One thing that makes trading interesting is that no day is the same with one another. You will learn different things every day. You will also make different amount of money every day. Today, you might make a good profit and tomorrow make your biggest loss. The same happens even to the best investors. In the recession that happened in 2008, many famed investors such as Kenneth Griffin and Dan Loeb reported their biggest losses. Before that, they had a clean record of excellent performance. In your trading, there are days you will go without making a profit. How then are you supposed to deal with your drawdowns?
First, you need to understand that losses are part of the trading game. Remember that when you make money, it means that someone will have lost the money. A person’s loss is another person’s profit. Also, remember that you are trading with very intelligent people, some who have PhDs in finance and mathematics. This means that you will occasionally lose money. What you need to do is mitigate yourself from making huge losses. In every trade that you open, you need to have in mind the amount of money you expect to make or lose. Then, you should have in place the exact stop loss. A stop loss is a level where the trade will be stopped when you are making a loss.

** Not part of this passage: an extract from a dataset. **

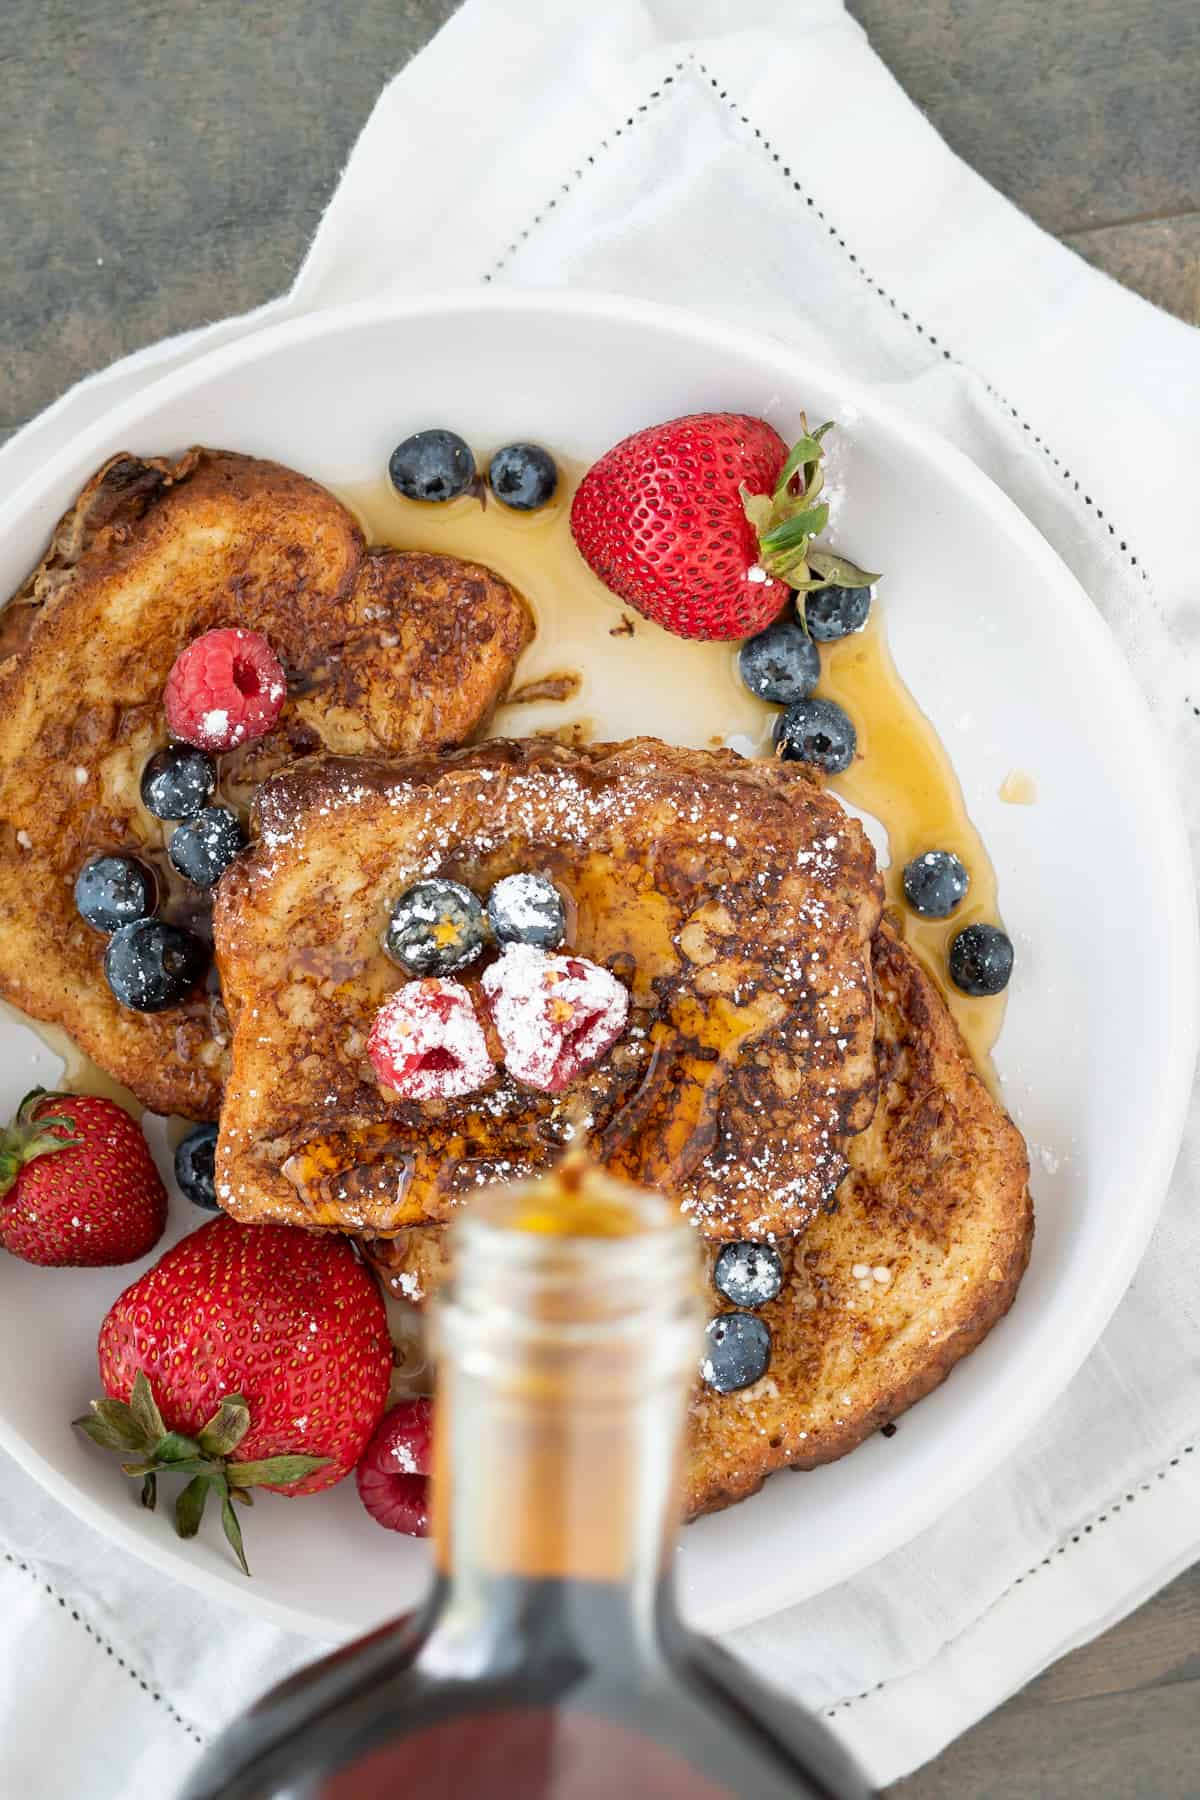 Overhead view of pouring maple syrup over slices of dairy-free french toast with berries and powdered sugar.
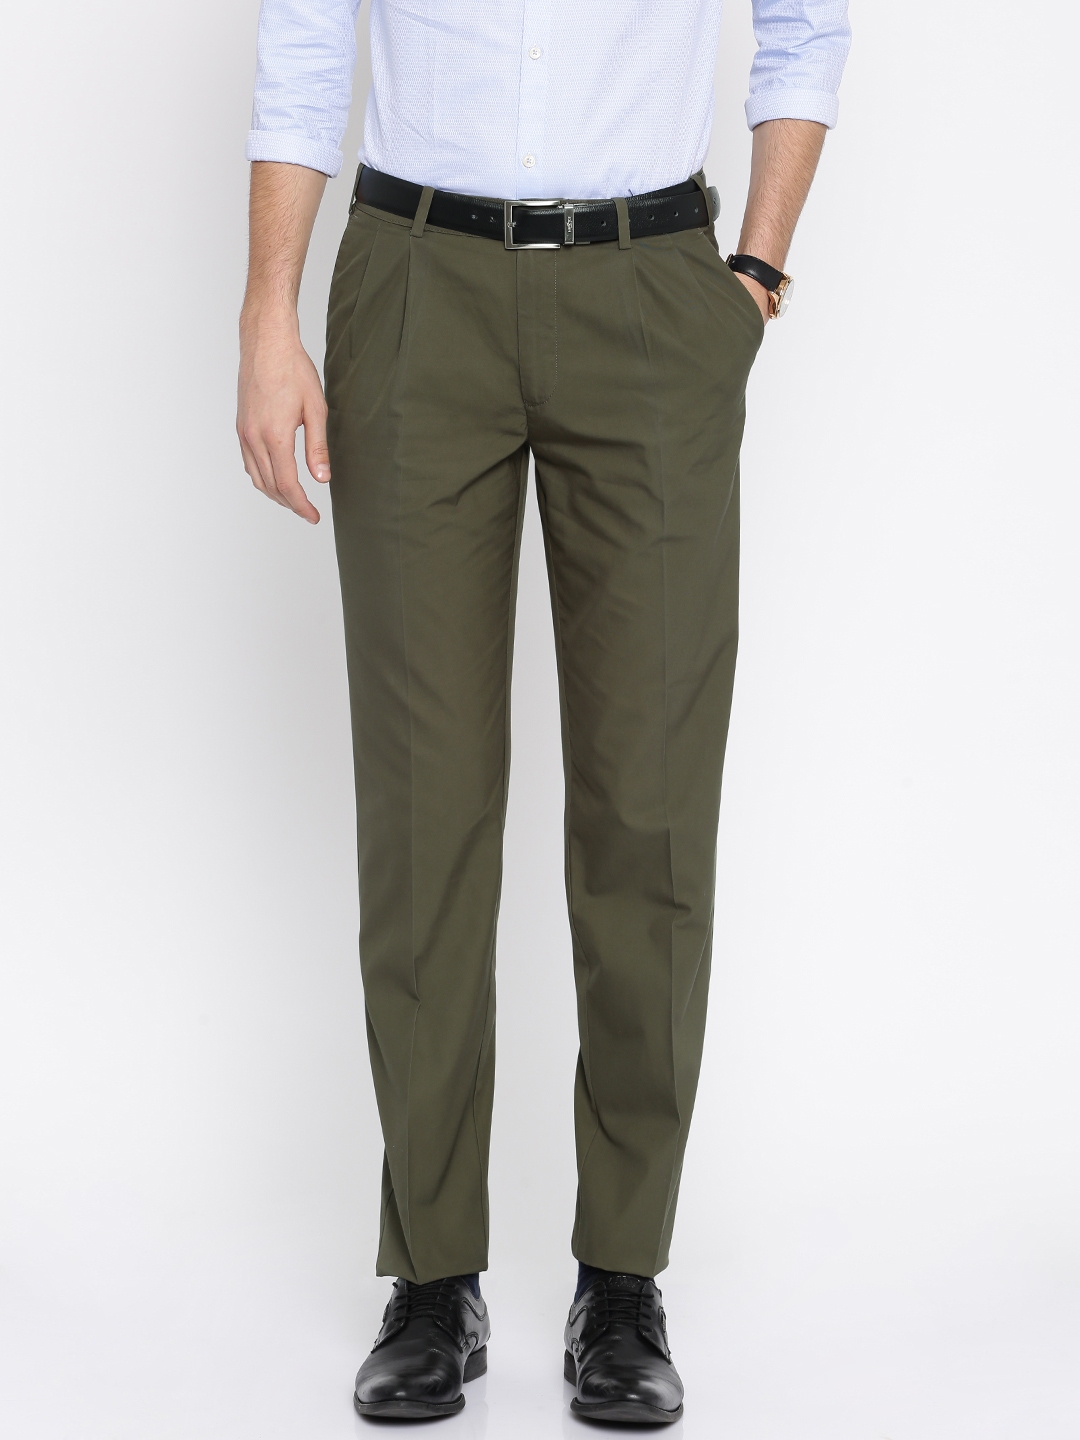 Buy men in class Olive Green Chinos Pants for Men Stretchable Slim Fit  Chinos for Men Slim fit Chinos Trousers for Mens Checked Chinos at Amazonin

Some traders believe that they can stop their trades when this point is reached. However, the fact is that some events can lead to aggressive movements in the market which can lead to more losses. For instance, when a company’s beloved CEO announces that he will resign, the stock will likely go down as investors digest the news.
Second, you need to take every loss in a positive manner. As a new trader, chances are that you will be disappointed with your loss. This is normal. However, as you become an advanced and disciplined trader, you will start taking your losses positively. This is because when you open your trade, you have already aligned yourself with the fact that you can lose the trade. To mitigate this, you only open a trade which you risk only a small percentage of your account. The ideal amount to risk should be below 5% for new traders.
Another way to deal with a big drawdown is to take time off from trading. As a trader, it’s always good to take some time off. You should not spend this time crying or in self-pity. A pity-party will not help your trading at all. You should spend this time looking at your trading diary and identifying the mistakes that you did. Alternatively, you can take a trip and focus on other things. Doing this will help you have a fresh mind when you start trading again. As you restart your trading, chances are that you will be a better trader because you will avoid repeating the same mistake. Remember, experience is your best teacher.
You can also deal with this problem by talking with someone who has gone through this. Having a mentor who has been there, done that will help you navigate the murky situation. If you have a successful mentor, chances are that they have been in your position before. They will give you a first-hand guide on how to move on.
One thing you should avoid is doing something irrational. You should not do something randomly with the aim of recovering your money back. This means you should not open a trade in the opposite direction. In many cases, when you do this, you will often lose your money. Therefore, do whatever you can to stay sober and make the right decision.